Immunohistochemistry in BDL liver sections shows that bile ducts express VEGF-A, VEGFR-2 and VEGFR-3. HAL induced a decrease in the number of cholangiocytes positive for VEGF-A and VEGFR-2 and VEGFR-3 receptors compared to liver sections from 1 wk BDL rats. Following the administration of r-VEGF-A to BDL + HAL rats, the expression of VEGF-A and VEGFR-2 and VEGFR-3 was similar or higher than that of BDL rats. VEGFR-1 was not expressed by cholangiocytes. These indicate that VEGF, predominantly by an autocrine mechanism, plays an important role in modulating cholangiocyte proliferation[70]. Furthermore, if we drastically reduced the HA blood flow in BDL rats by the HAL, we induced the absence of PBP, reduction of both VEGF and VEGF receptors at the cholangiocyte level and a reduction of bile duct mass with no induced effect in the liver of normal rats (Figure 6). Evidently, when the intrahepatic bile duct mass is expanded, as occurs after BDL[47], blood supply through the hepatic artery becomes fundamental in sustaining the enhanced nutritional and functional demands of proliferating intrahepatic biliary epithelium[9]. VEGF has been demonstrated to participate in a complex that sustains cholangiocyte proliferation after BDL[50]; therefore, concerning the effect of HAL on bile duct mass, the fall of synthesis and release of VEGF by cholangiocytes after HAL certainly has a role in compromising cell proliferation.
Figure 6 Effect of hepatic artery ligation and chronic administration of VEGF on bile duct volume.
Bile Duct volume is measured as a volume fraction of the entire liver tissue specimen. HAL induced in BDL rats a disappearance of PBP and an impaired cholangiocyte proliferation. The effects of HAL on PBP and cholangiocyte functions were prevented by r-VEGF by maintaining the integrity of the peribiliary plexus and cholangiocyte proliferation.

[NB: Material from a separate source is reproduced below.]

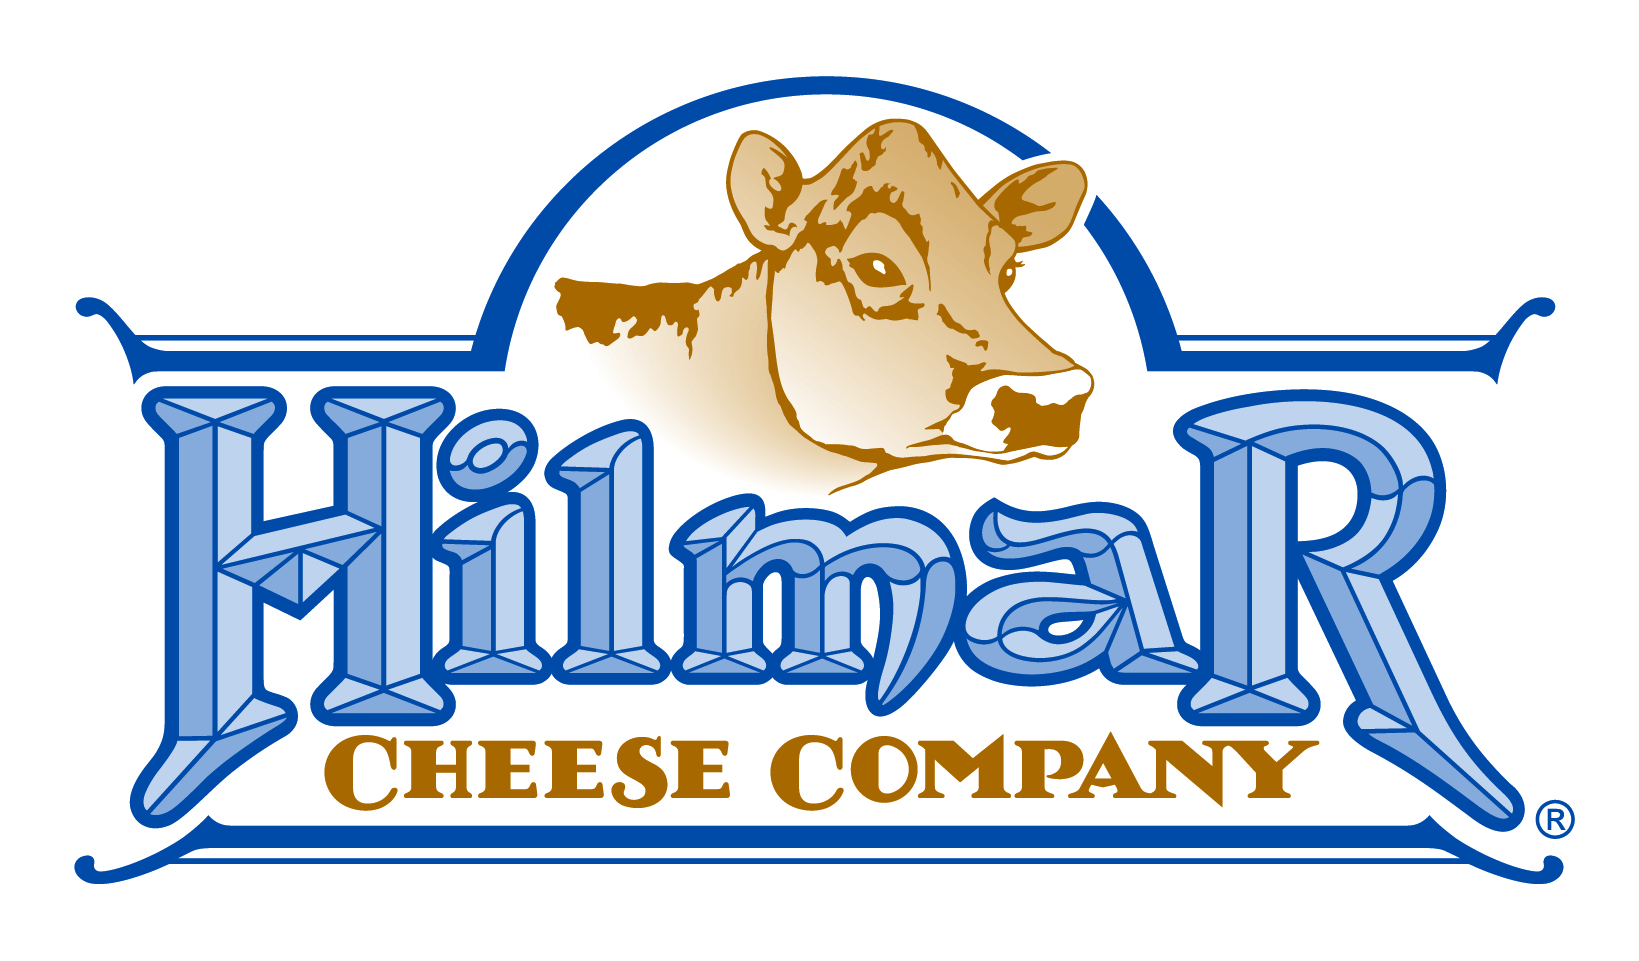 Hilmar cheese company logo

In conclusion, recent data highlights the role of arterial blood supply of biliary tree in conditions of cholangiocyte proliferation, such occurs during chronic cholestasis. On the other hand, the role played by VEGF as a tool of cross-talk between cholangiocytes and PBP endothelial cells suggests that manipulation of VEGF release and function could represent a therapeutic strategy for human pathological conditions characterized by damage of hepatic artery or the biliary tree.